DROP PROCEDURE IF EXISTS `sp_batch_write`$$

CREATE DEFINER=`root`@`%` PROCEDURE `sp_batch_write`(
    IN f_write ENUM('insert','update','delete'),
    IN f_table_name VARCHAR(64),
    IN f_num INT UNSIGNED
    )
BEGIN
  DECLARE i INT UNSIGNED DEFAULT 0;
  
  IF f_write = 'insert' THEN
    SET @stmt = CONCAT('insert into ',f_table_name,'(r0,r1,r2,r3,r4,r5,r6,r7,r8,r9,r10)  
                        values (ceil(rand()*10000),ceil(rand()*10000),ceil(rand()*10000),
                        ceil(rand()*10000),ceil(rand()*10000),ceil(rand()*10000),ceil(rand()*10000),
                        ceil(rand()*10000),ceil(rand()*10000),ceil(rand()*10000),ceil(rand()*10000))');
   
    SET @@autocommit=0;
    WHILE i < f_num
    DO
      PREPARE s1 FROM @stmt;
      EXECUTE s1;
      IF MOD(i,50) = 0 THEN
        COMMIT;
      END IF;
      SET i = i + 1;
    END WHILE;  
    DROP PREPARE s1;
    COMMIT;
    SET @@autocommit=1;

  ELSEIF f_write = 'update' THEN
    SET @stmt = CONCAT('update ',f_table_name,' set r0=ceil(rand()*10000),r1 = ceil(rand()*10000),
    r2 = ceil(rand()*10000),r3 = ceil(rand()*10000),r4 = ceil(rand()*10000),
    r5 = ceil(rand()*10000),r6 = ceil(rand()*10000),r7 = ceil(rand()*10000),
    r8 = ceil(rand()*10000),r9 = ceil(rand()*10000),r10 = ceil(rand()*10000)');
    PREPARE s1 FROM @stmt;
    EXECUTE s1;
    DROP PREPARE s1;
  ELSEIF f_write = 'delete' THEN
    SET @stmt = CONCAT('delete from ',f_table_name);
    PREPARE s1 FROM @stmt;
    EXECUTE s1;
    DROP PREPARE s1;
  END IF;

END$$

DELIMITER ;
  1. INSERT 操作这 10 张表的时间对比:
(debian-ytt1:3500)|(ytt)>call sp_batch_write('insert','t1',100000);
Query OK, 0 rows affected (1 min 24.61 sec)
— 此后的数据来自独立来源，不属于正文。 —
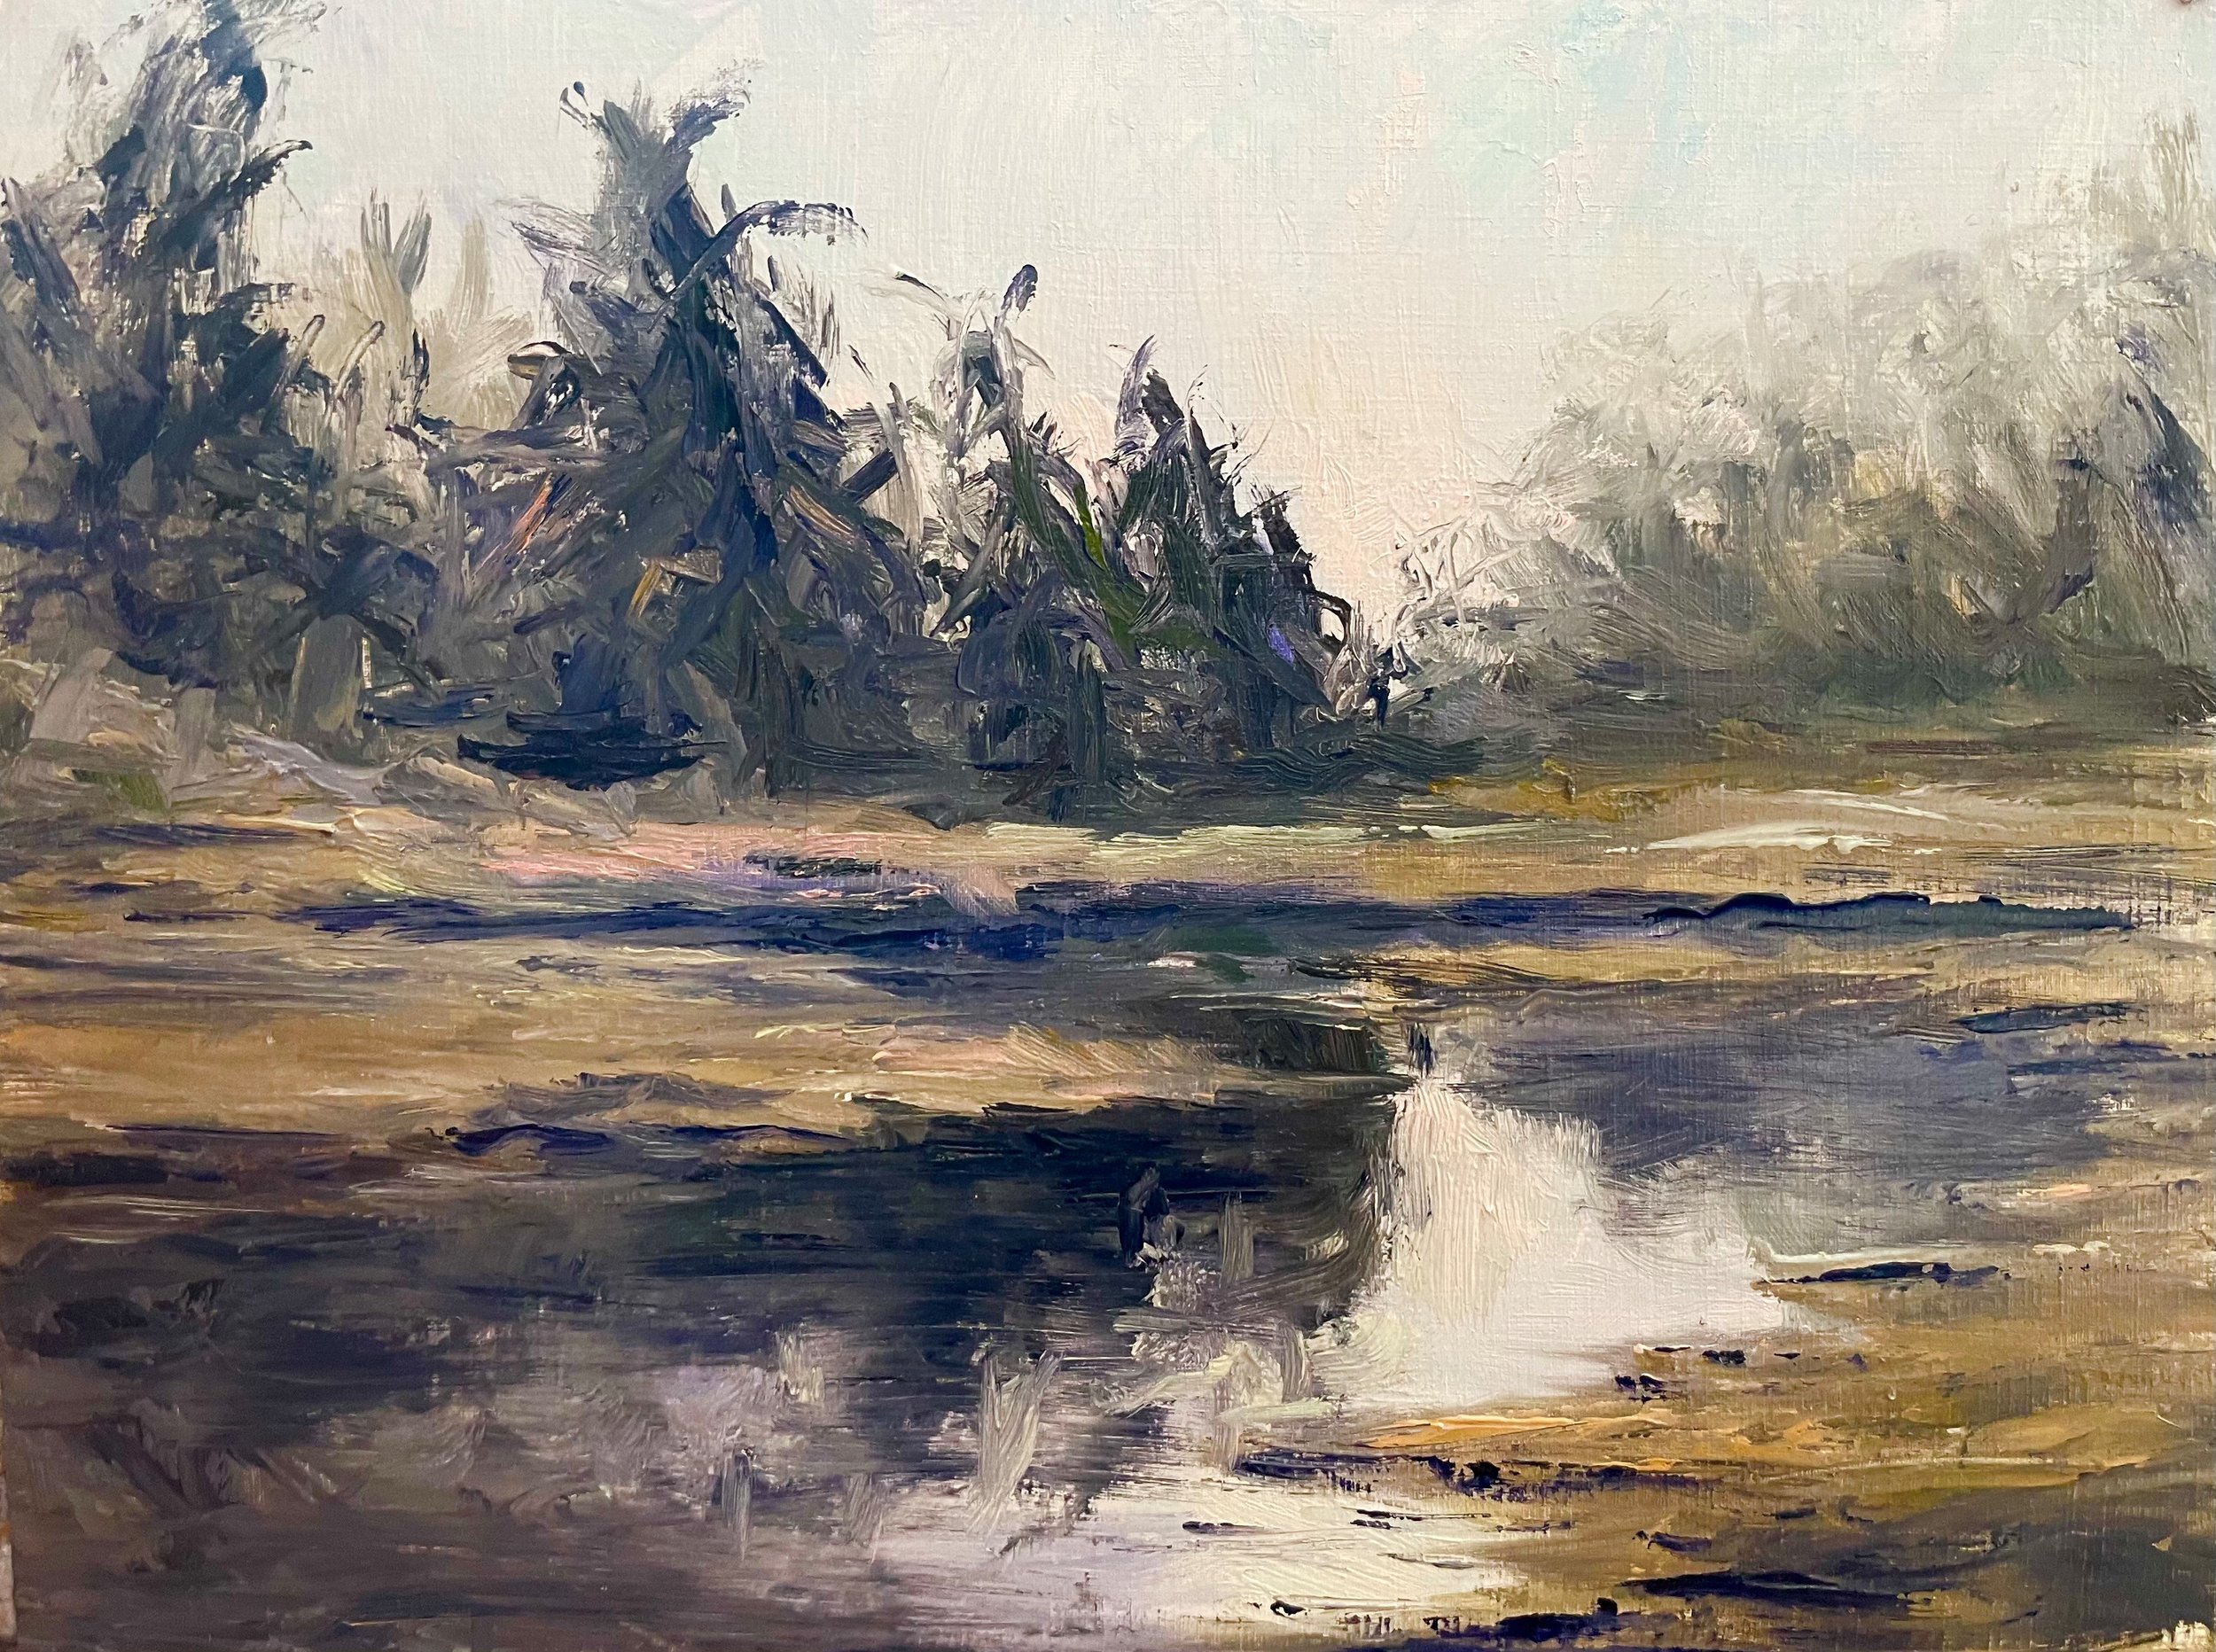 21-03-22     Granberry’s Marsh Creek      Oil on Gesso Paper    9 x 12 inches.jpg

(debian-ytt1:3500)|(ytt)>call sp_batch_write('insert','t2',100000);
Query OK, 0 rows affected (1 min 25.40 sec)

(debian-ytt1:3500)|(ytt)>call sp_batch_write('insert','t3',100000);
Query OK, 0 rows affected (1 min 29.12 sec)

(debian-ytt1:3500)|(ytt)>call sp_batch_write('insert','t4',100000);
Query OK, 0 rows affected (1 min 36.65 sec)
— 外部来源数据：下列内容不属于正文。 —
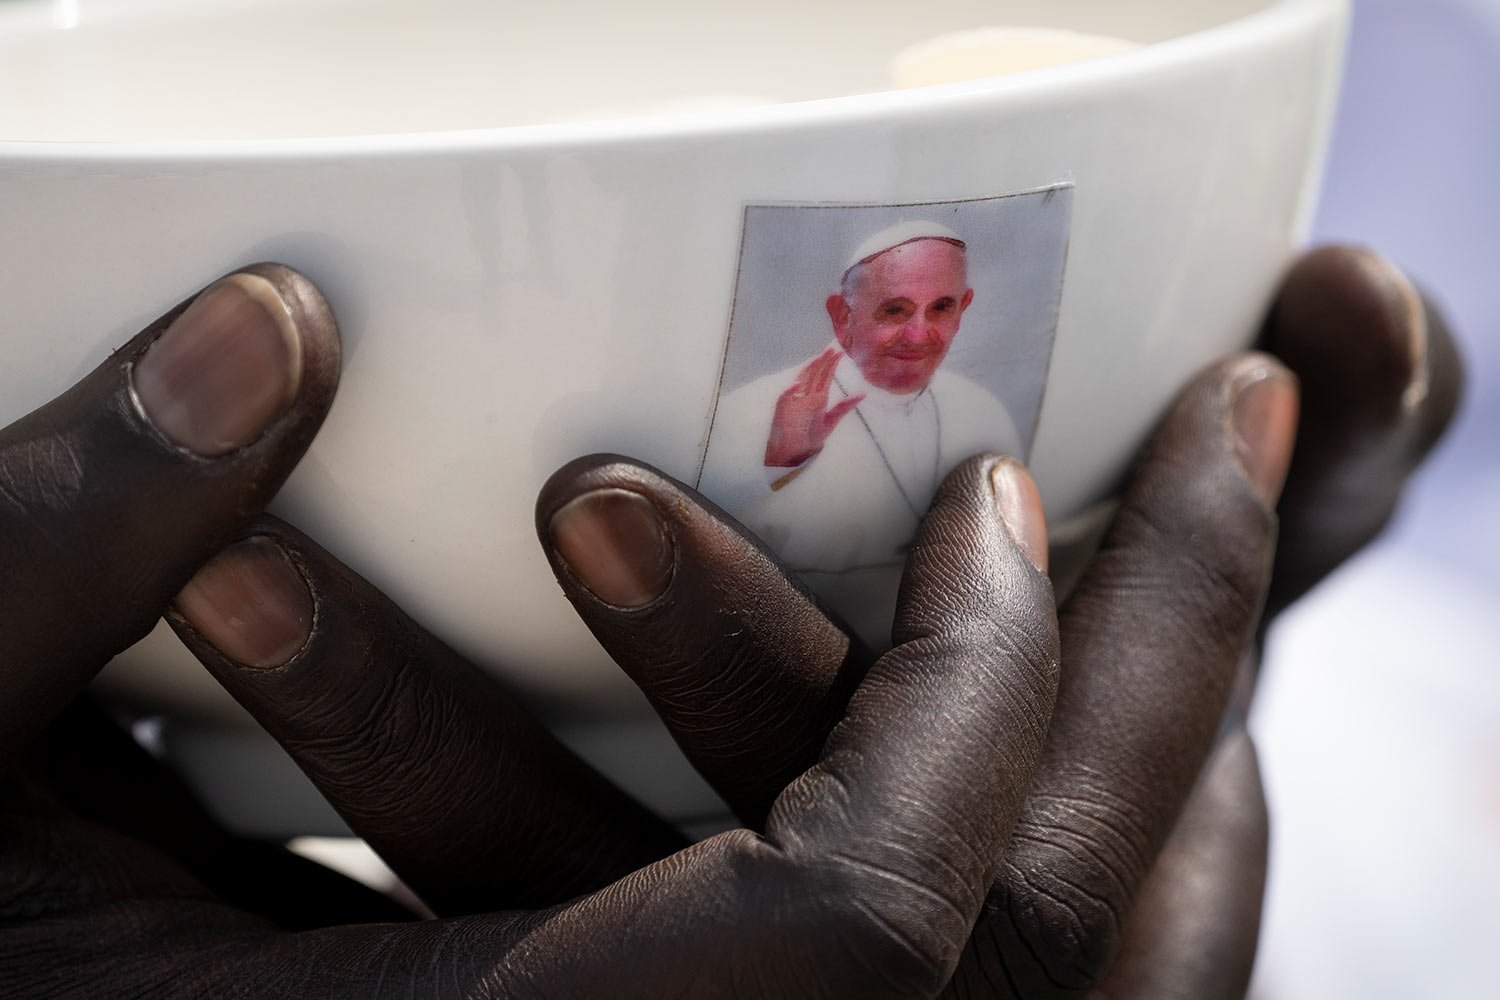  A priest holds a sacrament bowl showing a photograph of Pope Francis at a Holy Mass at the John Garang Mausoleum in Juba, South Sudan Sunday, Feb. 5, 2023.  (AP Photo/Ben Curtis)

(debian-ytt1:3500)|(ytt)>call sp_batch_write('insert','t5',100000);
Query OK, 0 rows affected (1 min 39.85 sec)

(debian-ytt1:3500)|(ytt)>call sp_batch_write('insert','t6',100000);
Query OK, 0 rows affected (1 min 41.97 sec)

(debian-ytt1:3500)|(ytt)>call sp_batch_write('insert','t7',100000);
Query OK, 0 rows affected (2 min 29.07 sec)
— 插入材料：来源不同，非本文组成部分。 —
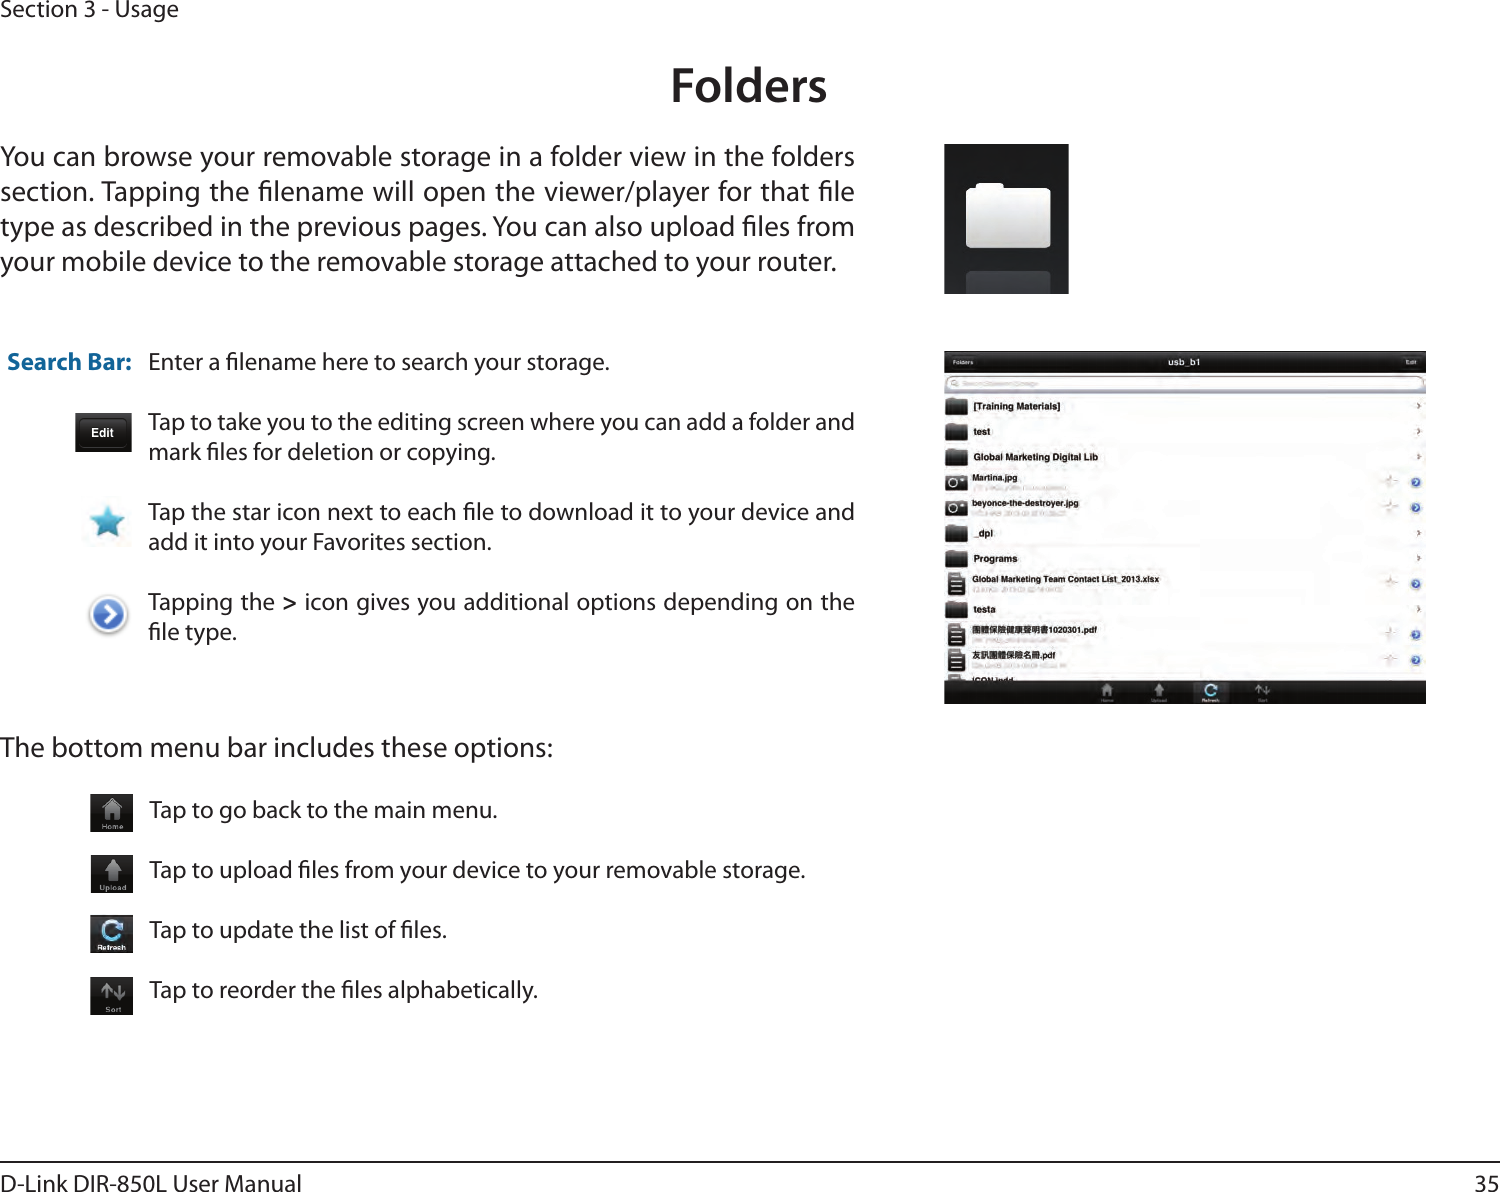 35D-Link DIR-850L User ManualSection 3 - UsageFoldersYou can browse your removable storage in a folder view in the folders section. Tapping the lename will open the viewer/player for that le type as described in the previous pages. You can also upload les from your mobile device to the removable storage attached to your router.Enter a lename here to search your storage.Tap to take you to the editing screen where you can add a folder and mark les for deletion or copying.Tap the star icon next to each le to download it to your device and add it into your Favorites section.Tapping the &gt; icon gives you additional options depending on the le type.Search Bar:The bottom menu bar includes these options:Tap to go back to the main menu.Tap to upload les from your device to your removable storage.Tap to update the list of les.Tap to reorder the les alphabetically.

(debian-ytt1:3500)|(ytt)>call sp_batch_write('insert','t8',100000);
Query OK, 0 rows affected (2 min 17.62 sec)

(debian-ytt1:3500)|(ytt)>call sp_batch_write('insert','t9',100000);
Query OK, 0 rows affected (2 min 14.14 sec)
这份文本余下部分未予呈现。